For the most part, the contest participants don’t themselves receive the images for testing, but rather they submit their algorithm and contest organizers run it against the dataset. In the first month of the contest, participants are able to test their models and work out major kinks.

On Oct. 4, the competition begins, with winners and prizes awarded every four weeks. The final round of the contest begins in February and ends in March. Teams are able to continue fine-tuning their models during the contest.

After the competitive phase ends, select teams will be invited to join the community phase, in which they’ll work together to develop a final product. The prizes will be larger in the community phase, Sage’s Guinney said, to encourage collaboration that will lead to an algorithm that can be turned into a product suitable for clinical use.

Sponsors of the effort include the Laura and John Arnold Foundation and the White House Office of Science and Technology Policy. The challenge was highlighted this summer as part of President Obama and Vice President Joe Biden’s Cancer Moonshot, an effort to dramatically speed up advances in cancer diagnosis and treatment.

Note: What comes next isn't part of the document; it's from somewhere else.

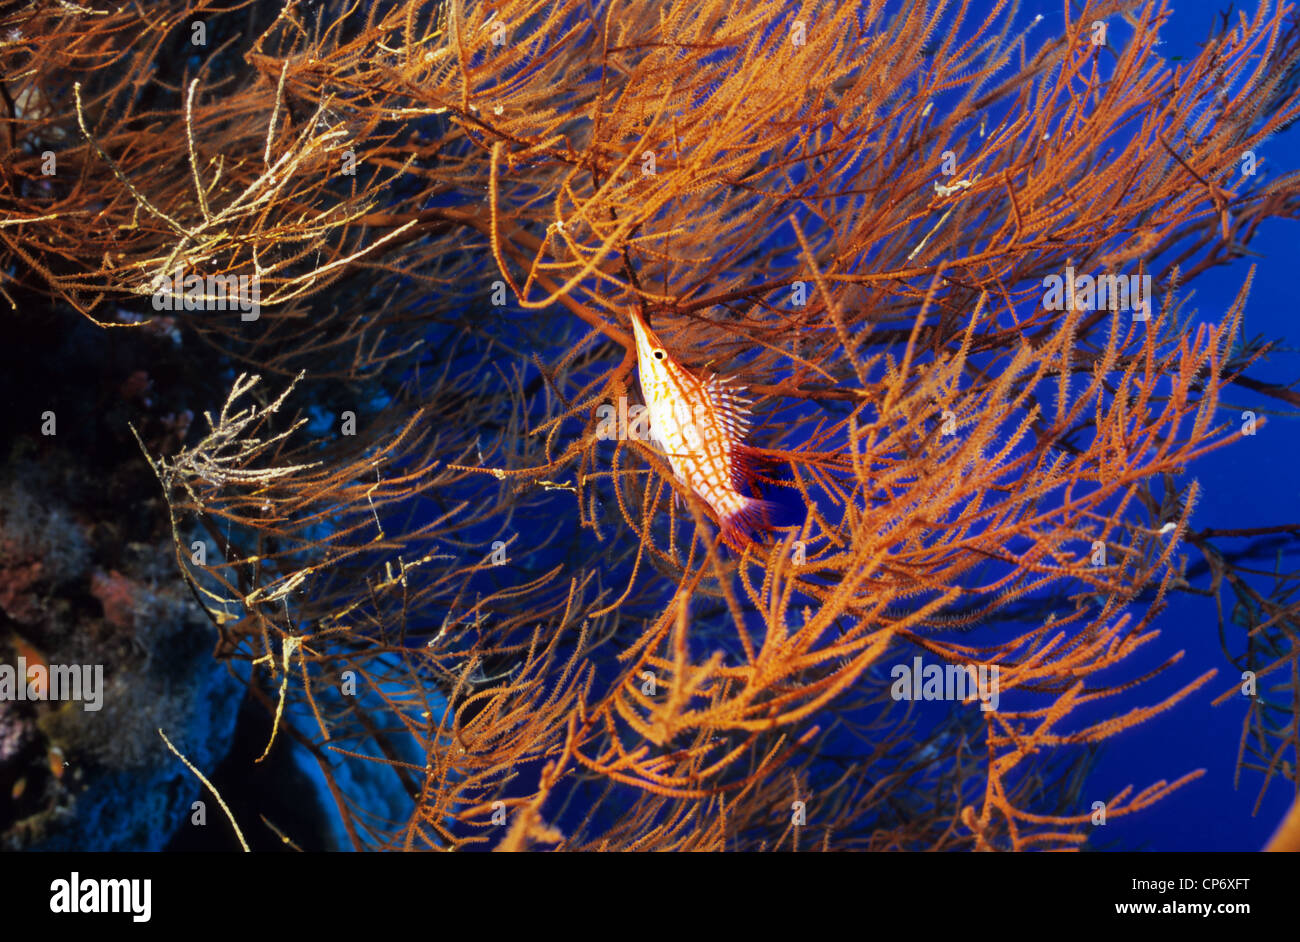 Lange Nase Hawkfish Unterwasser Korallen Taube auf dem Dach. Nur in großen Gorgonien oder schwarzen Korallen gefunden. Stockfoto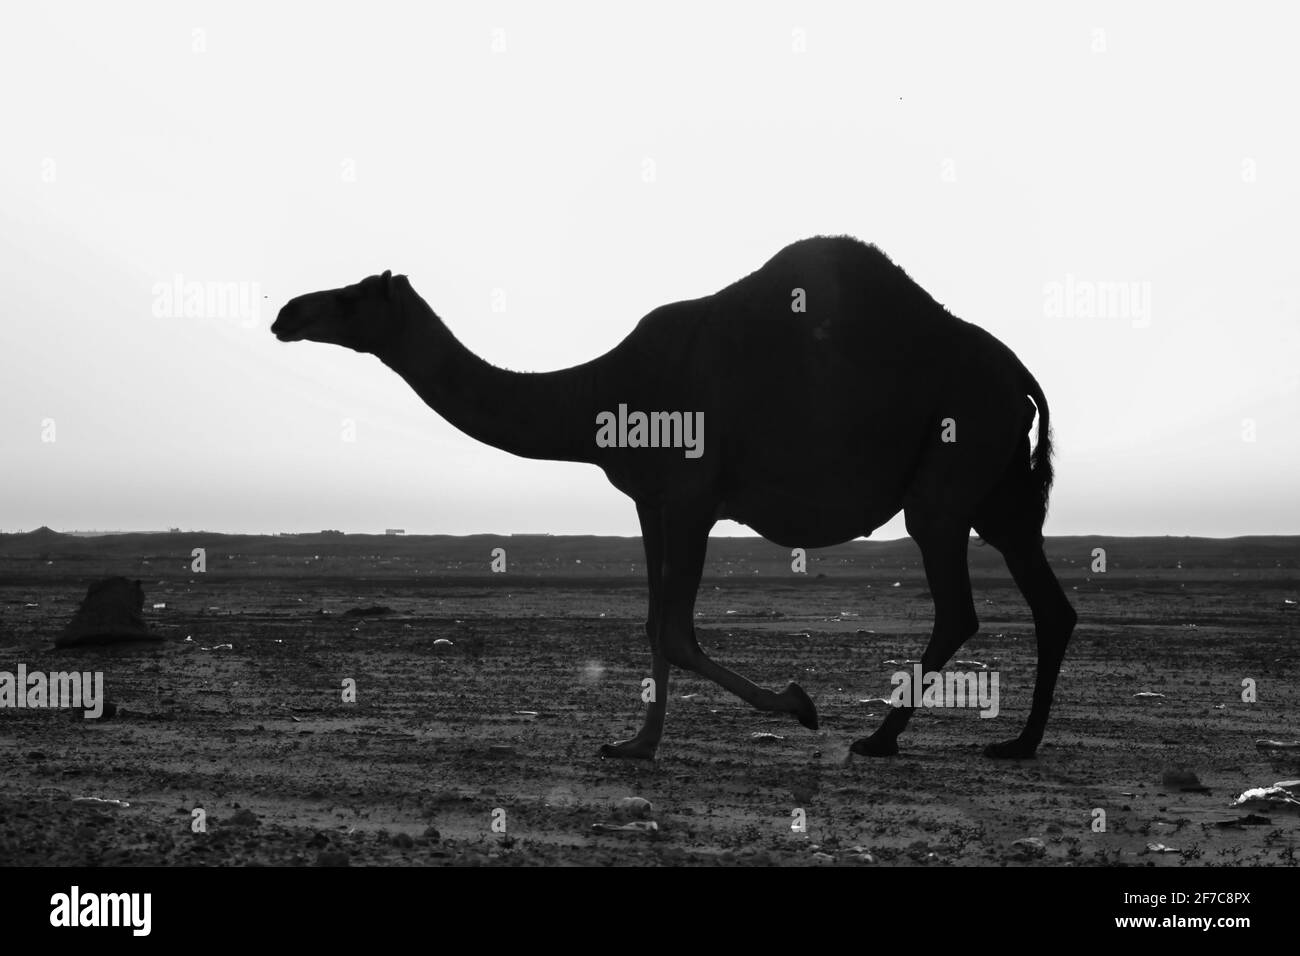 Tête de chameau Banque d'images noir et blanc - Page 2 - Alamy

Dr. Christoph Lee, a radiologist at Seattle Cancer Care Alliance.
Dr. Christoph Lee, a radiologist at Seattle Cancer Care Alliance.

Guinney said this project is unusual compared to other DREAM challenges. While past contests have focused more on genomics and research, this challenge has a clear clinical application for doctors and their patients. And this contest utilizes an unusually gigantic database that’s packed with images.

Amazon Web Services and IBM are donating cloud computing time to the effort.

In the spirit of open science, the contest requires that participants publish the results of their algorithms and make their models transparent and reproducible. The idea is not to create a secret, proprietary solution.

No one knows how quickly the project could transition from the contest into the doctor’s office. But there is an FDA employee on the organizing committee who’s providing advice to ensure that the project is robust and structured in a way that would help it clear regulatory hurdles.

Organizers are hopeful.

“There are some great candidates — some large labs and large global companies who are competing,” Lee said. “It will be exciting to see how this plays out.”